From bottom to top, the left column shows that its implementation has lesser use of firmware and/or hardware, which may be or include the 4010 in connection mode. The hardware provides a TOE for TCP/IP and offload and hardware acceleration (digests and some iSCSI assists).

Core 260 may constitute core 180 and API 270 may constitute API 160.

Software handles communication between core 260 and the operating system including, for example, a Microsoft SCSIport/TCD driver.

Core 260 includes all of the functionality indicated by bracket 240. API 270 is used to link core 260 to the firmware or hardware (e.g., iSCSI controller).

In the event different firmware or hardware is used, API 270 is replaced by another API that works with the different firmware or hardware.

Core 260 handles all iSCSI functionality except for some iSCSI assists which are offloaded.

The left and middle column implementations also have an NDIS driver for non-iSCSI network traffic, for connection up to the Microsoft software stack. iSCSI I/O is processed through the TOE, with all other non-iSCSI network traffic going through the Microsoft software stack.

In a specific implementation, the firmware has a filter that traps port addresses for 3260, such that anything that is not iSCSI is redirected to the NDIS driver.
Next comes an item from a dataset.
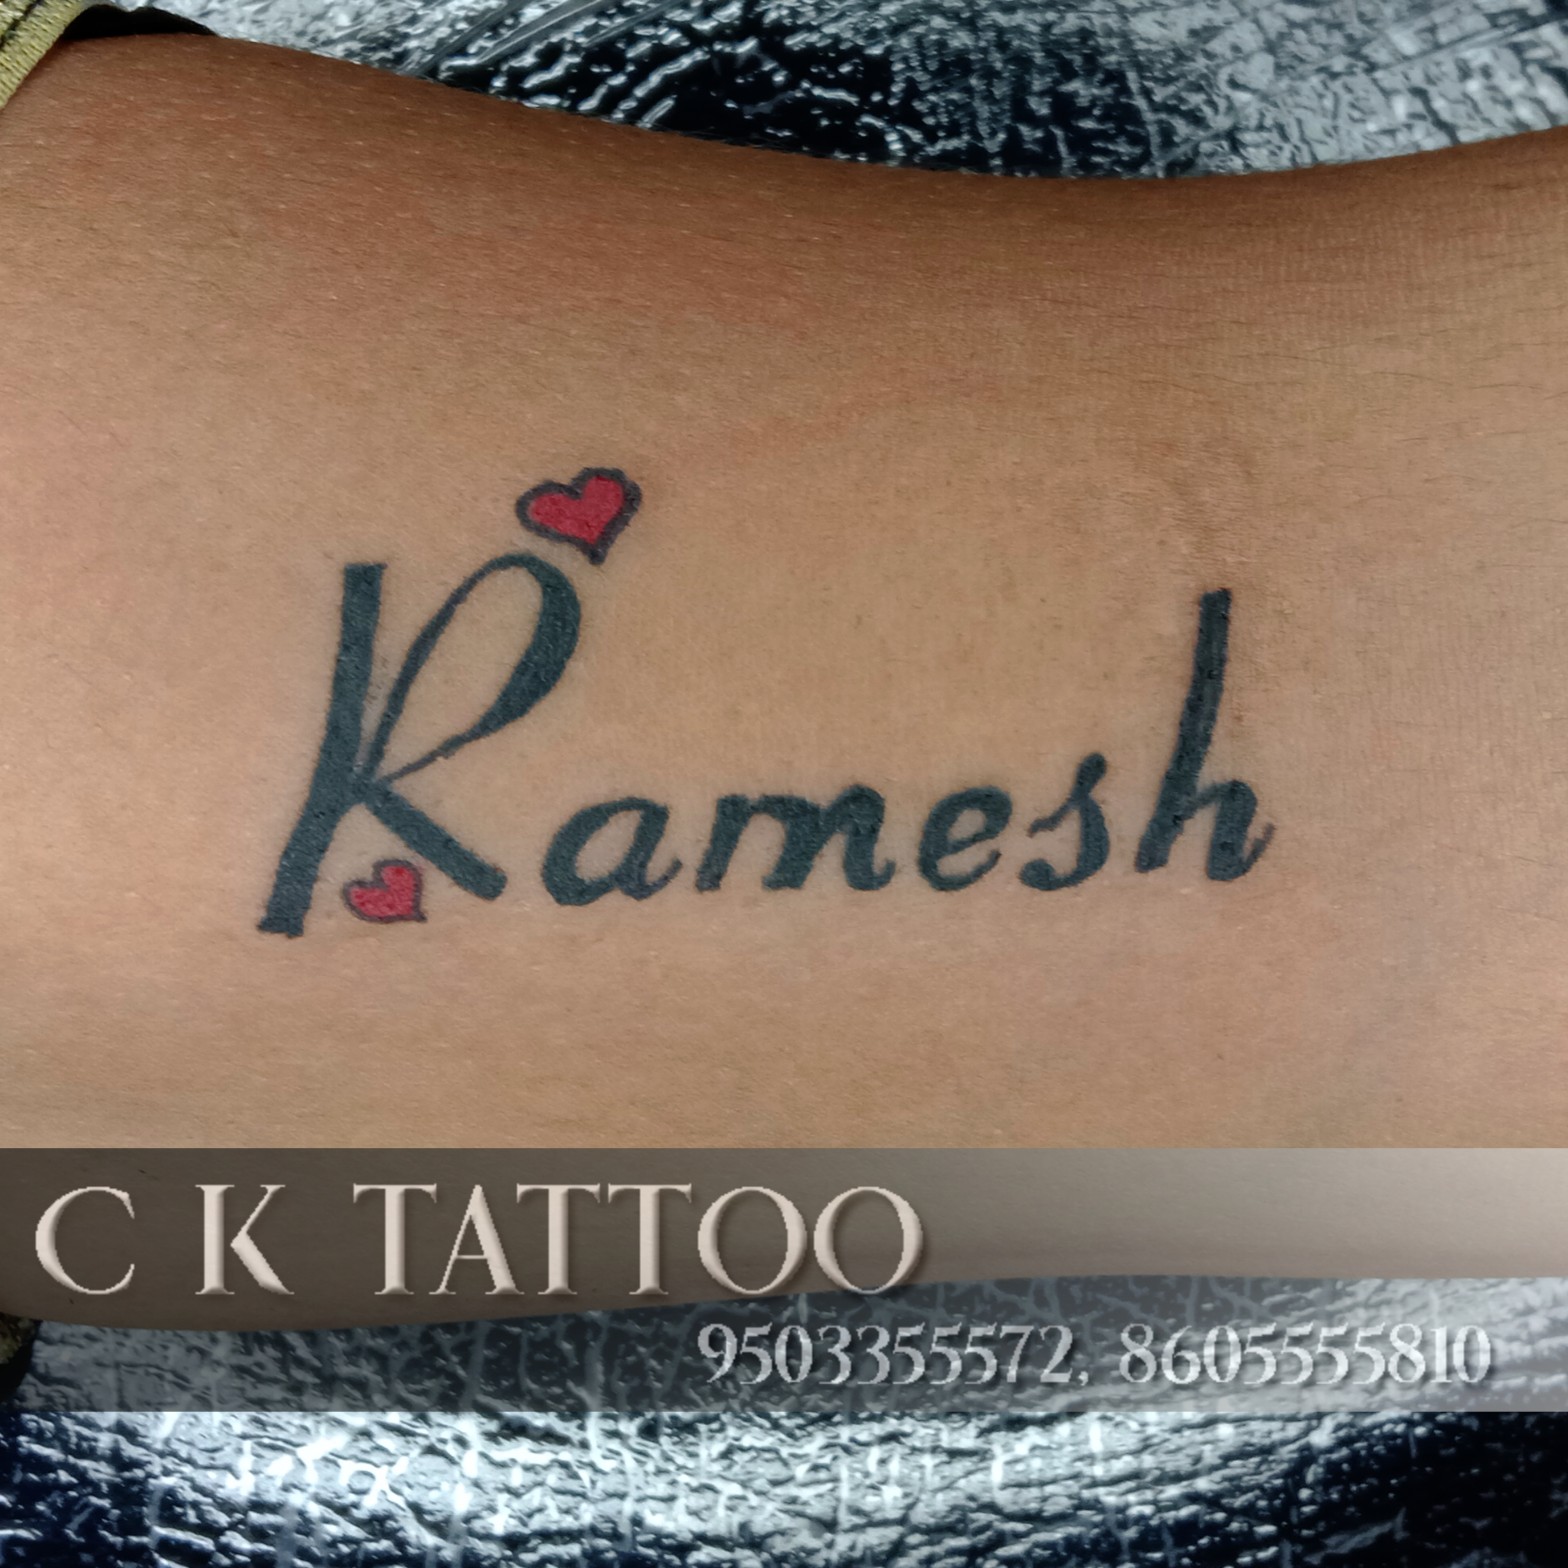 Adesh name tattoo  Skin art Name tattoo Tattoos

Note that 3260 is only a default port address, and a user may select any port address desired.

In the case of offload capability two stacks are provided: the software stack that comes with the operating system kernal, and offloaded version of the stack which corresponds to the TOE. Thus the NDIS driver handles all traffic that is not for iSCSI.
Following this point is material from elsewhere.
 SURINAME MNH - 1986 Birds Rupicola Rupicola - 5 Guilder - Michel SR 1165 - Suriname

The right column implementation is an example of a TCP Chimney solution, also referred to as an “all software” implementation. At the bottom, the right column shows two types of Microsoft industry standard functionality—rightmost is a well known industry standard “dumb NIC” solution, and the left side of the bottom of the right column illustrates a TOE solution (for TCP/IP).

In the event of use of the Chimney architecture, the vendor provides the NDIS miniport driver which fits into the Microsoft stack along with other modules as shown.
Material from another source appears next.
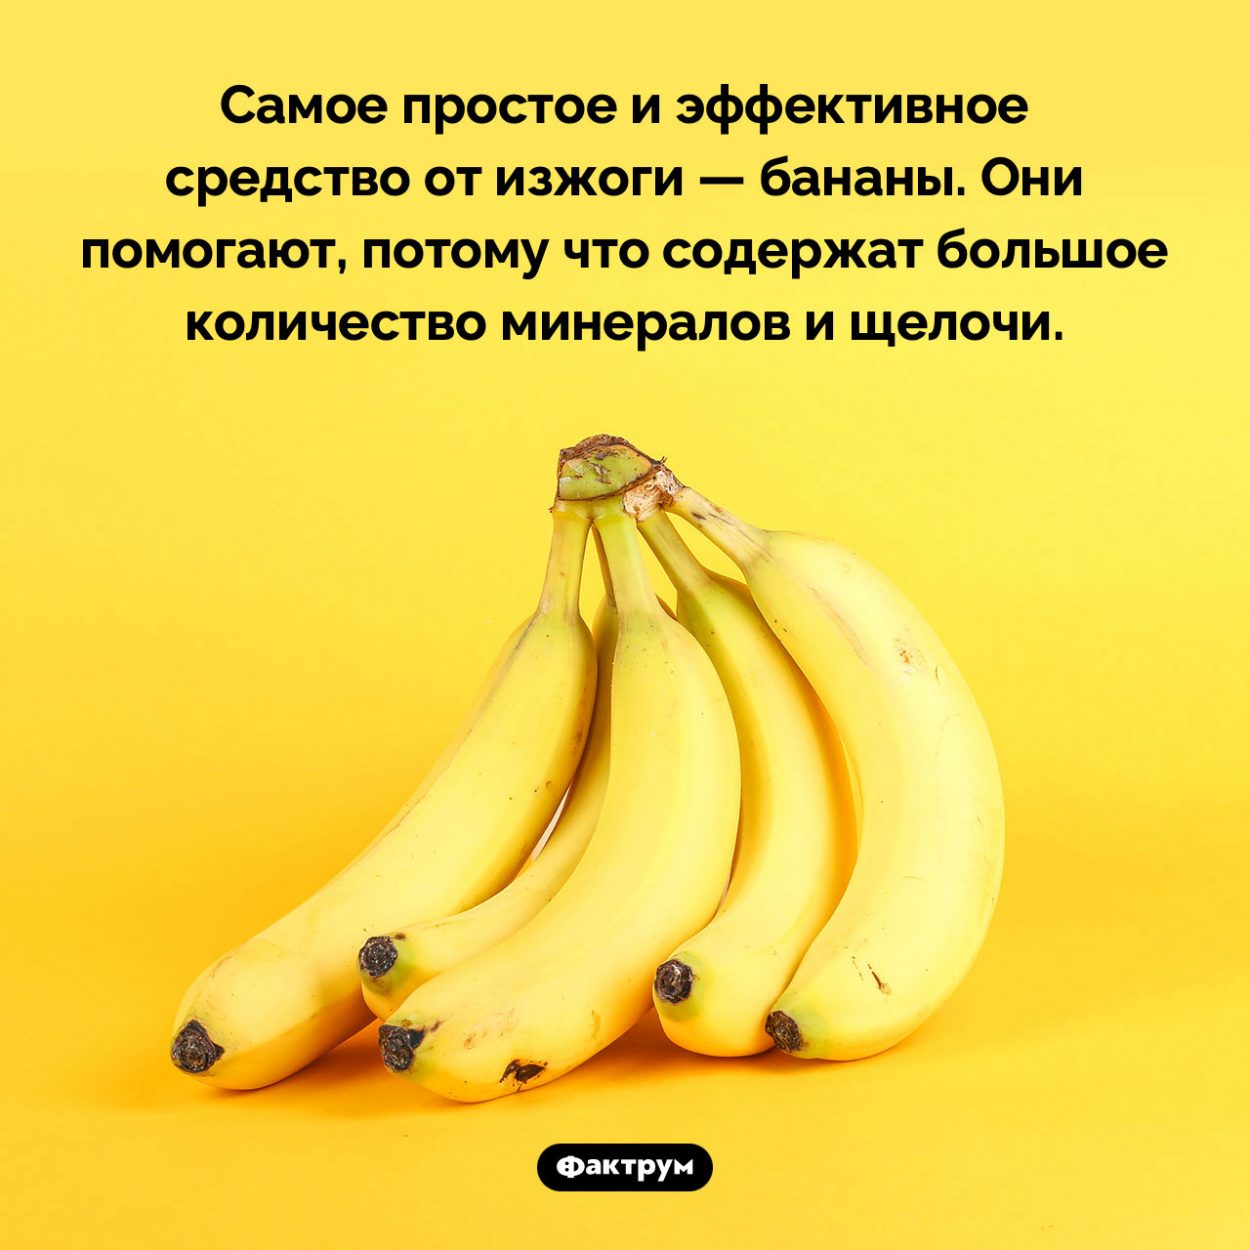 Бананы помогают от изжоги. Самое простое и эффективное средство от изжоги — бананы. Они помогают, потому что содержат большое количество минералов и щелочи.

At the very bottom on the right side, a software implementation of IPsec is provided. Moving upward, a link physical connection is provided, as well as an NDIS driver and TCP/IP functionality which fits in as described above. The TDI presents an interface to the application level. Bracket 246 illustrates that the TOE, if used, handles TCP/IP and link functionality.

With respect to TDI, after the NDIS miniport driver is installed, TDI determines (e.g., from a miniport bit setting) which path to use, i.e., the path through the NDIS miniport to the TOE or the path through the software TCP/IP.

Core 280 may constitute core 180 and API 290 may constitute API 160. Core 280 and API 290 can work with both the TOE solution and the dumb NIC solution.

As shown by bracket 248, core 280 includes all of the functionality shown in the middle column above TCP/IP, including session and sequence management, digest processing and iSCSI assists, so that such functionality is performed in software in core 280.

In terms of hardware cost, the dumb NIC implementation is the least costly, the middle column implementation is the most costly, and the TOE version of the right column implementation and the left column implementation are of intermediate cost.

Thus the left and right columns illustrate different ways of using the core (cores 260, 280 may include the same functionality but are used differently). In the left column, API 270 connects to the iSCSI controller, e.g., using connection mode.

With respect to the interfaces at the tops of the left and right columns, the left column provides The left column provides a SCSIPort miniport driver, and the right column provides an iSCSI port driver. Alternatively, using the port driver with the left column implementation in place of the SCSIport miniport driver may provide a more robust solution since the SCSIport miniport solution may have unnecessary limitations and less flexibility.

In particular, the iSCSI port driver may effectively consolidate the SCSIport driver and a miniport driver into one driver. This helps avoid unnecessary operating system interaction and helps gain some performance boost and flexibility since the driver can then handle I/Os and queues in a manner tailored for iSCSI needs.

FIGS. 3-6 illustrate examples of iSCSI communications flow between the host and the server (array) and among components of the array. FIGS. 3-4 illustrate examples of such flow in the case of an array 120A that has an iSCSI TOE device 140A (e.g., a 4010 iSCSI controller) and a corresponding API 160A. FIGS. 5-6 illustrate examples of such flow in the case of an array 120B that has a standard network interface card 140B (e.g., 3COM 3C996B) and a corresponding API 160B. In all other respects, including with respect to core 180, and array communication with core 180, arrays 120A, 120B are the same. FIGS. 3-6 show that host 130 has an application (server functionality) 200 communicating with adapter (HBA) 150 to perform iSCSI read and write operations that reach and drive array operating system software (“Flare”) 125.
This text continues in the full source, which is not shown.